WHAT IS NEEDED = Repeat verbatim what the listing holds, but not its pictures.

DATA SHOWN =
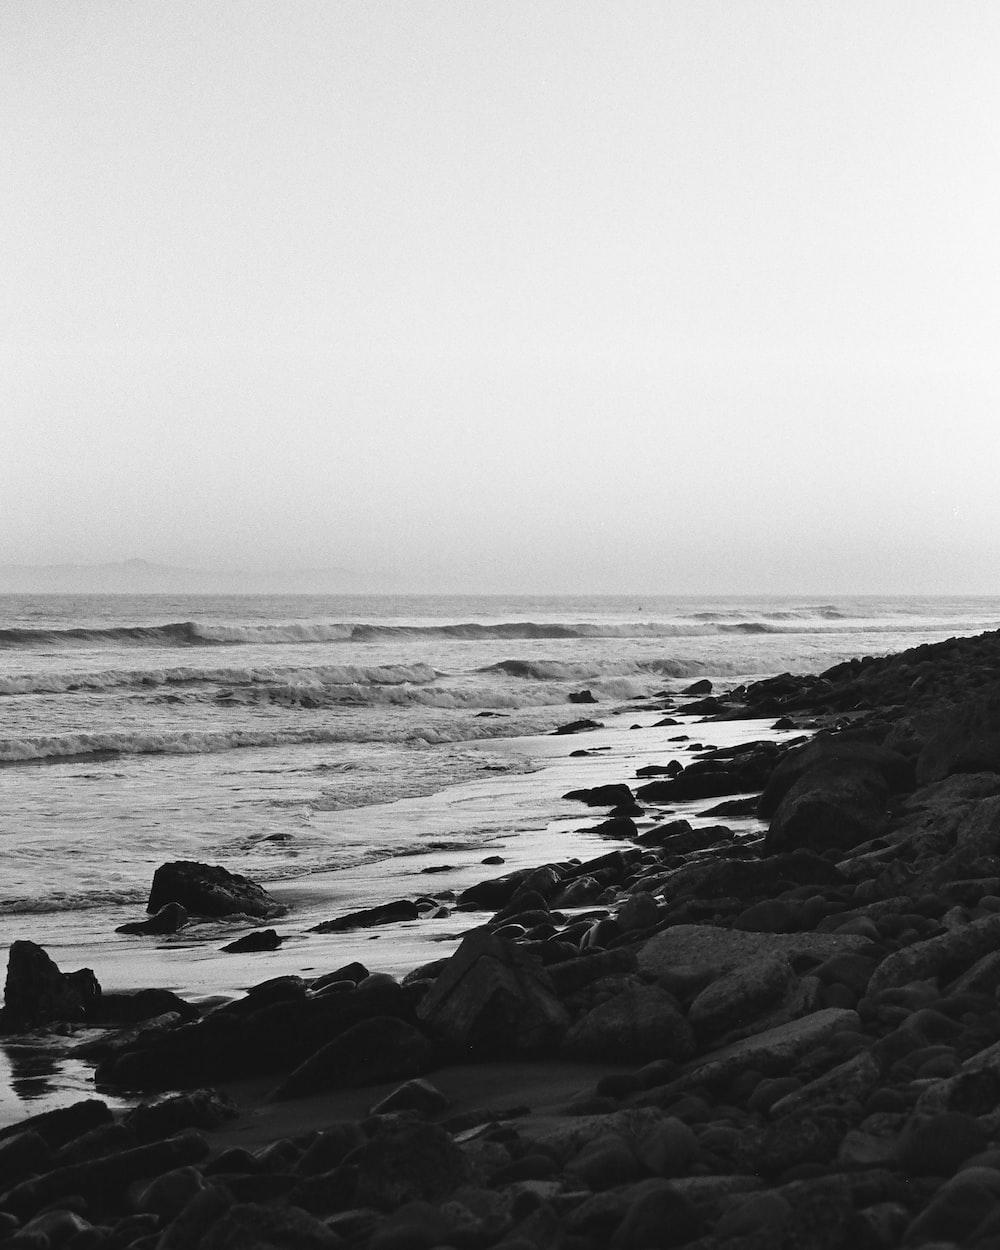 grayscale photo of sea waves crashing on rocks
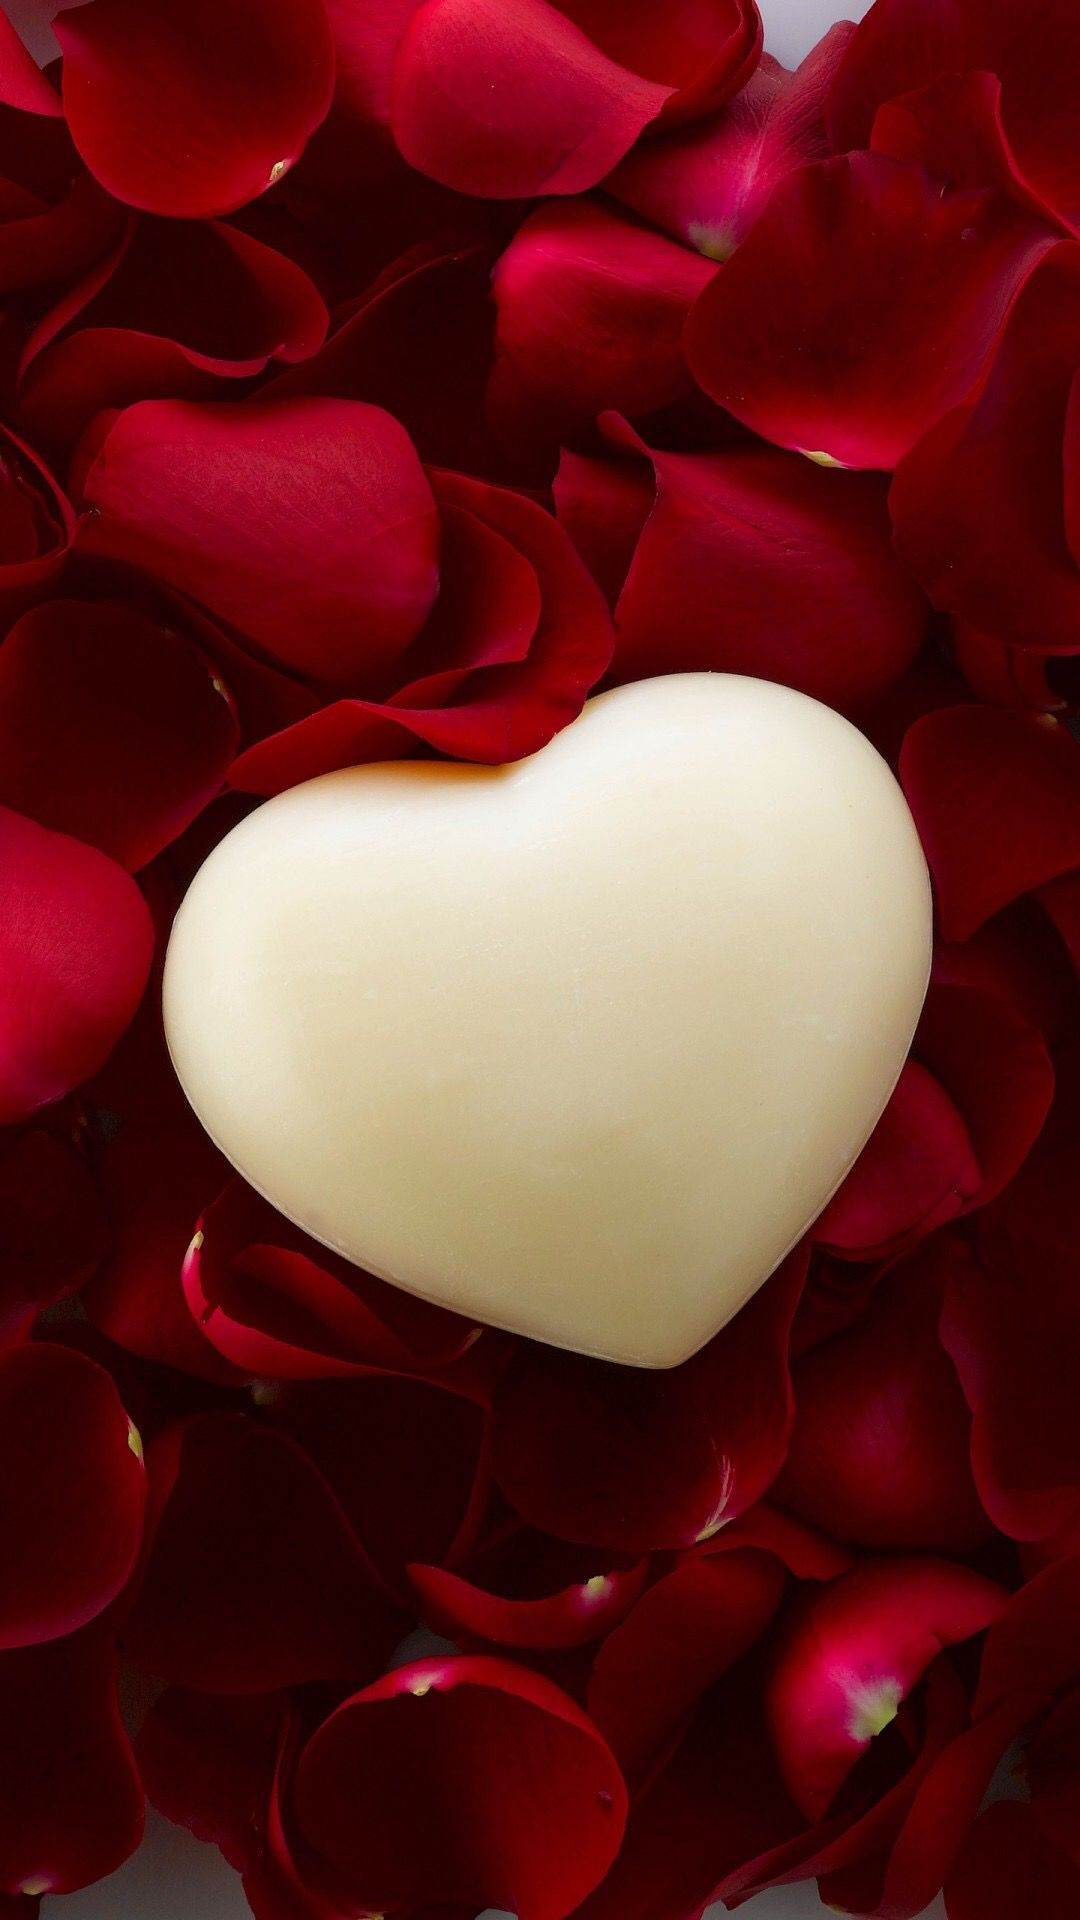 White heart rose petals art heart art pinterest - Pink roses and hearts wallpaper ...
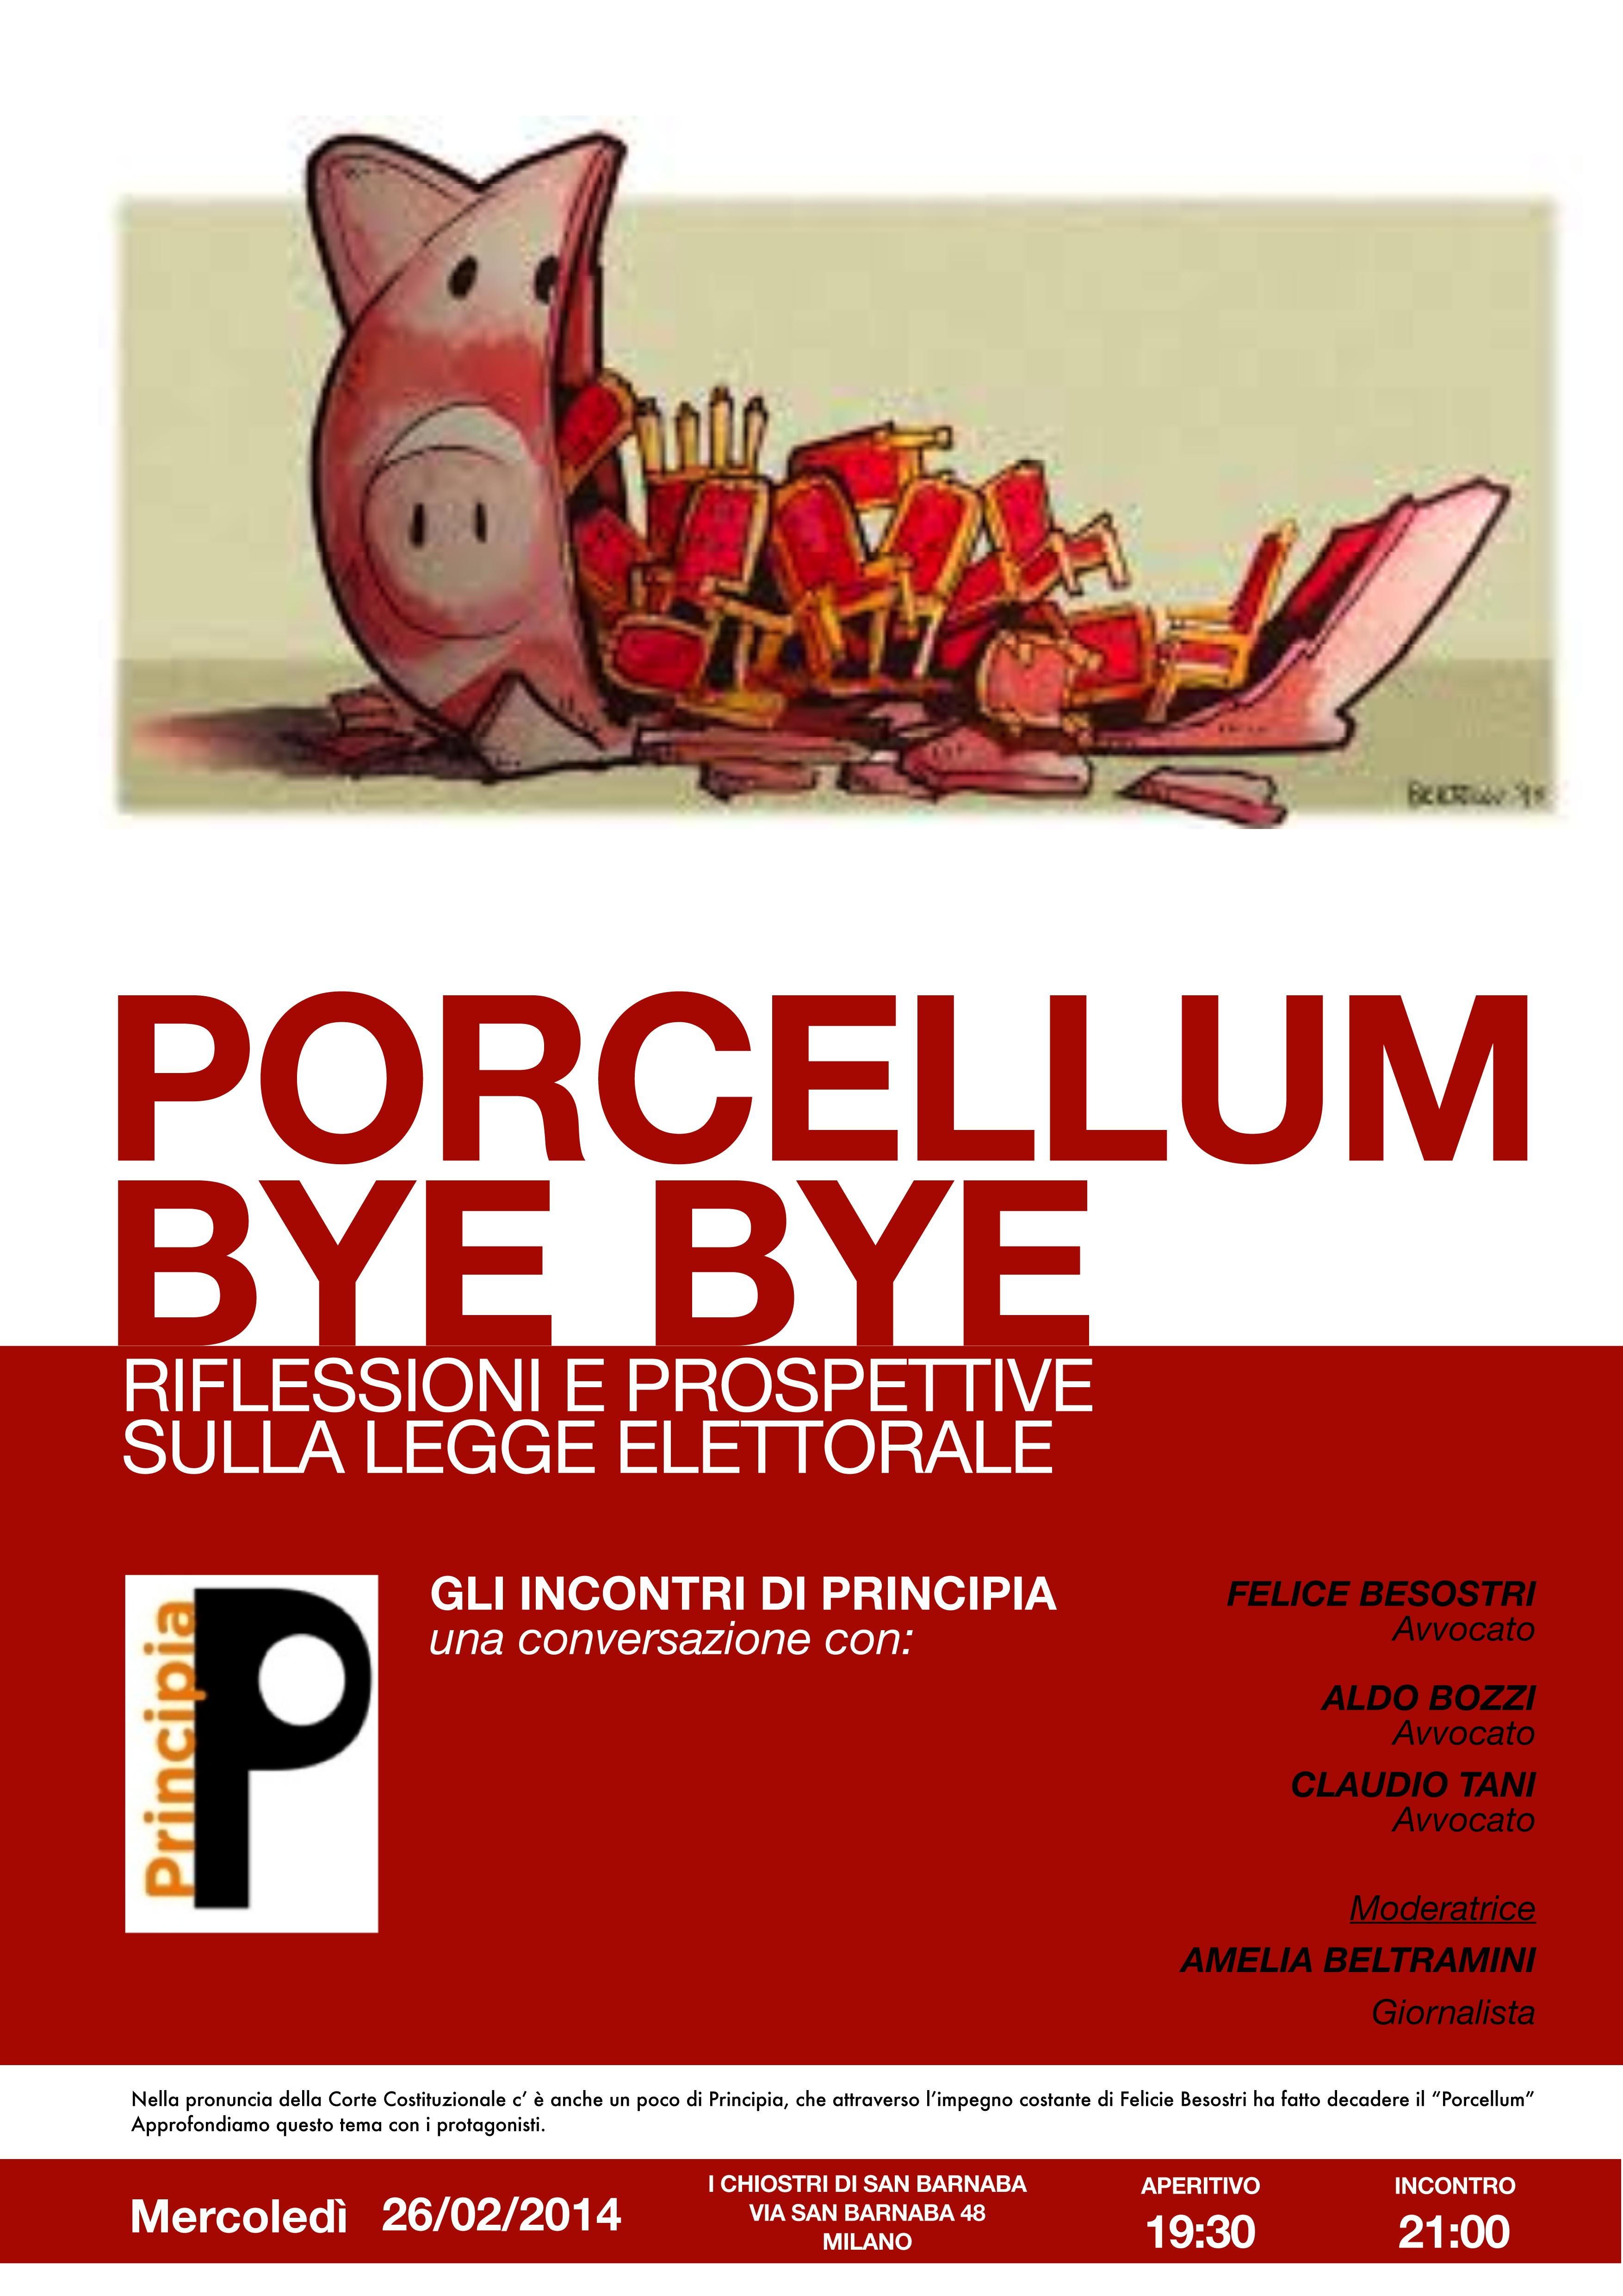 Porcellum BYE BYE 3

YOUR RESPONSE =
 grayscale photo of sea waves crashing on rocks
 White heart rose petals art heart art pinterest - Pink roses and hearts wallpaper ...
 Porcellum BYE BYE 3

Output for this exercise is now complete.